Wednesday's Market Minute: Bulls Need A Subzero Inflation Print

Wednesday's Market Minute: Bulls Need A Subzero Inflation Print

This might just be the most-watched inflation print all year, thanks to the persistent yarn bulls are spinning about peak inflation. The Nasdaq is now technically in a bull market, up 20% from the bottom. Bitcoin is trying desperately to break out from its summer-long range, but the dollar refuses to back down – probably because there’s a huge disconnect between the market’s story and the one coming from the Federal Reserve.

Will “Peak Inflation” age better than “Transitory?” The two share a lot in common in their potential to disappoint investors. The difference is that this time, it’s market participants promising the prediction, not the central bank. Fed members have done just about everything possible to distance themselves from the idea that they have a reason to slow down their tightening program, yet the notion that they’re preparing to pivot is permeating Wall Street’s consciousness. 
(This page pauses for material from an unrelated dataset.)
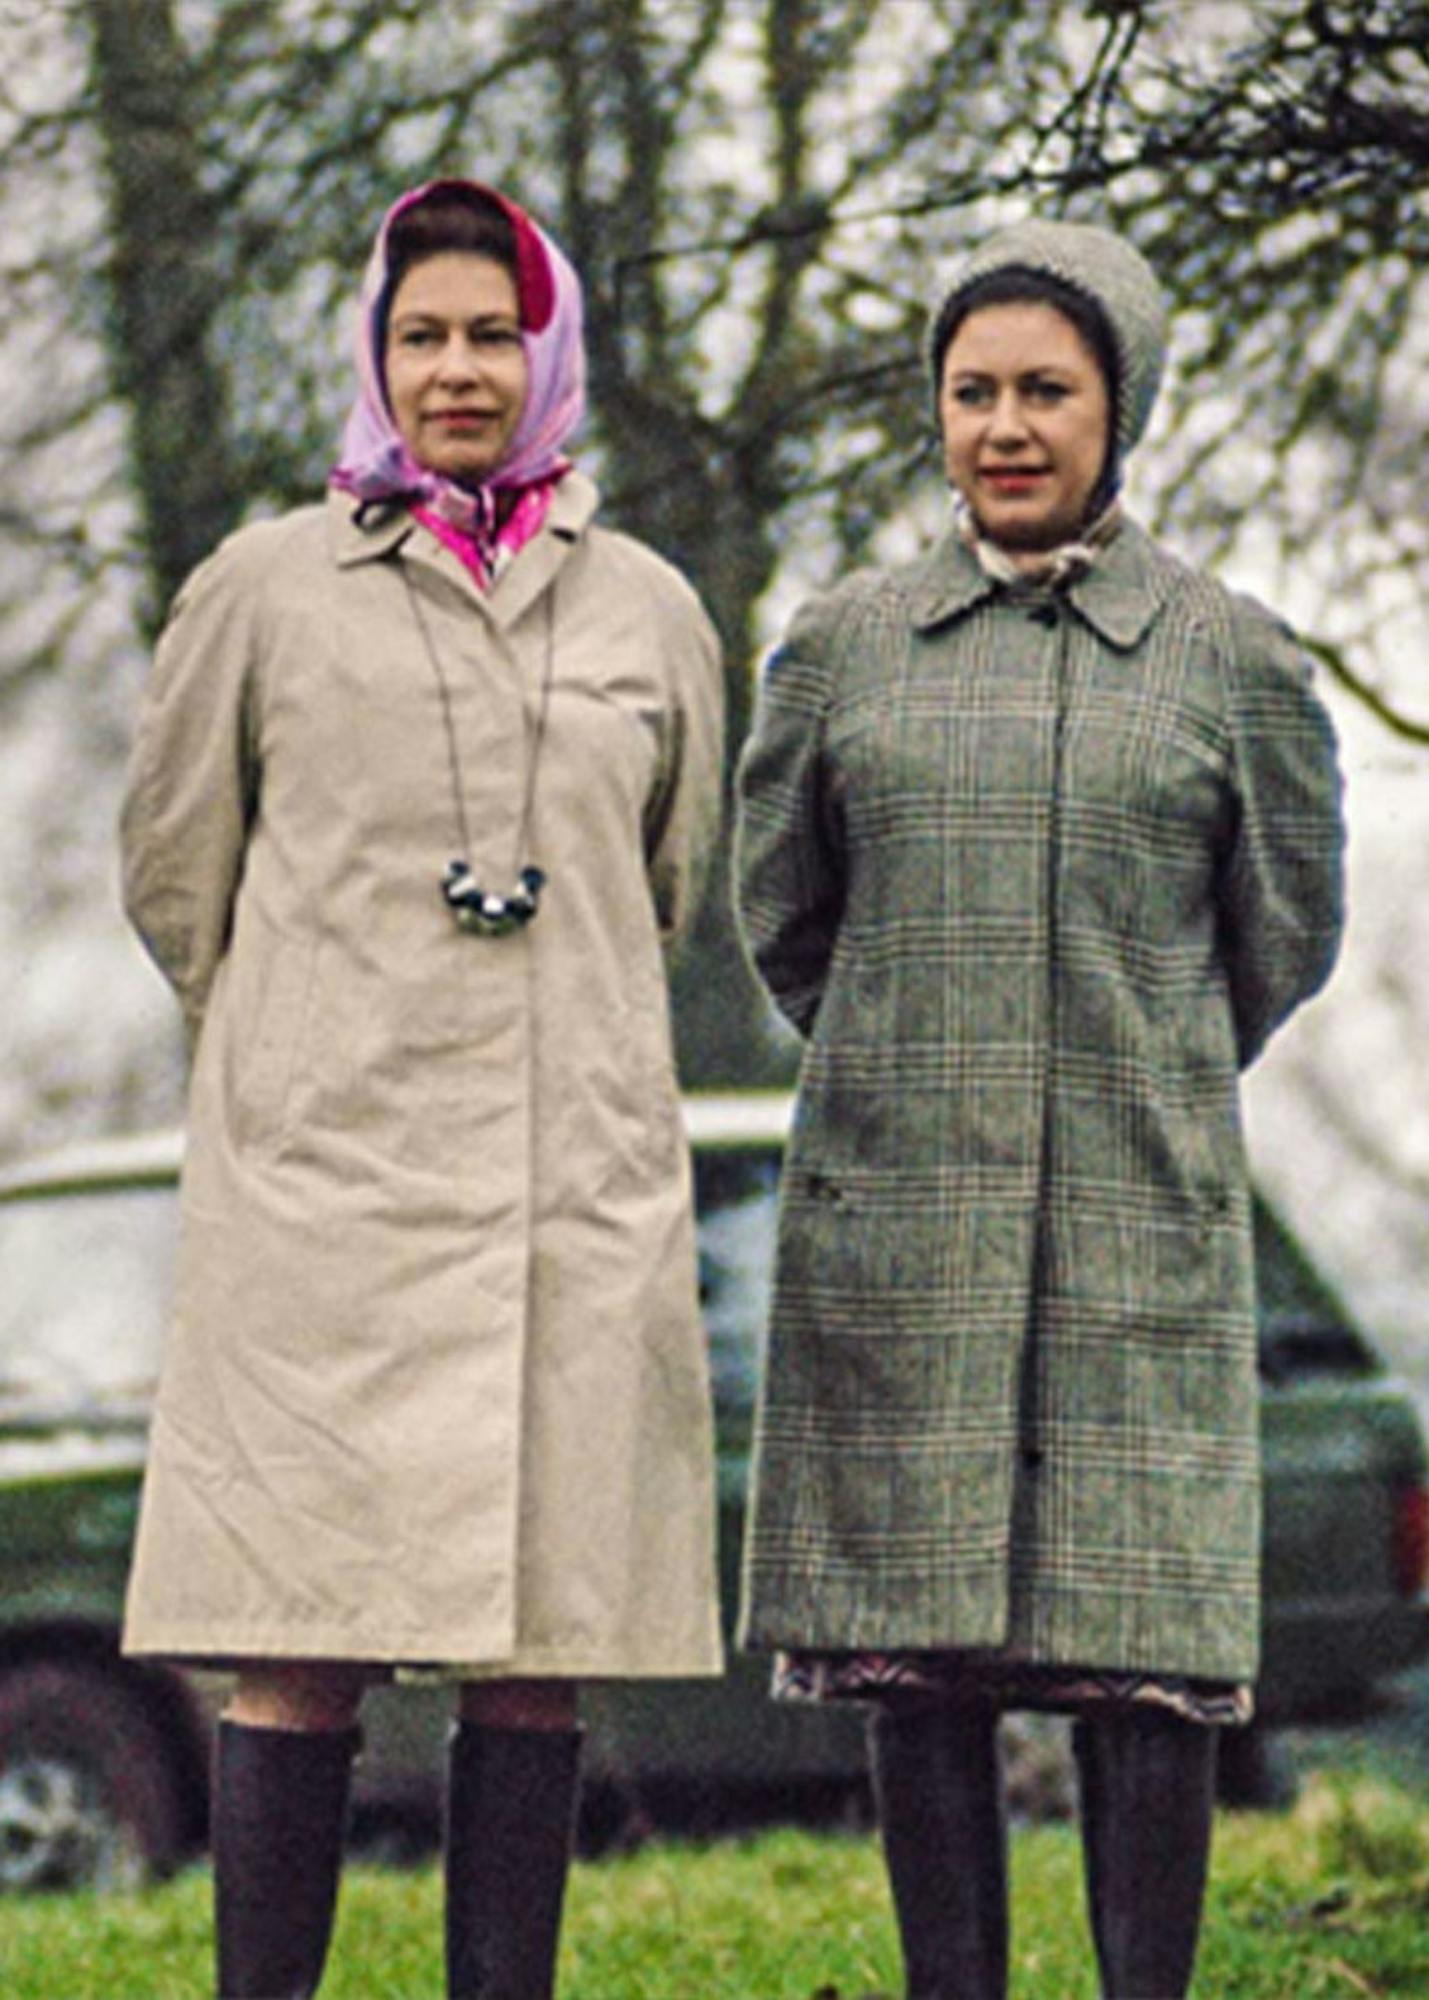 Queen Elizabeth inspo imagery with wellies

That’s why when it comes to Wednesday’s CPI print, the status quo likely won’t suffice. Economists expect the month-over-month consumer price index to cool off to just a 0.2% rise. That would indeed suggest the momentum for inflation – by definition a rate of change – has peaked. But it’s still not an ideal outcome, and not one likely to sway the Fed from hiking rates. A positive number still means prices are climbing, albeit more slowly, but at intolerably high levels just shy of nine percent.
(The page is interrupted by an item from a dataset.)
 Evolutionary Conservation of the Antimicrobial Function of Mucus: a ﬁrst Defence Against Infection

Earnings have been a mess this season, consumers are weakening, and the latest wave of semiconductor updates are a major problem for the market. That’s to say nothing of the chaotic geopolitical landscape. Peak inflation is the only narrative bulls have going, and everyone’s been waiting for Wednesday’s data for weeks. It’s baked in. For stocks to continue their momentum, a slower rate of still-increasing inflation is unlikely to do. The number needs to be cool. Ice-cold. Subzero. Literally. A negative month-over-month figure is the only scenario in which I see a rally.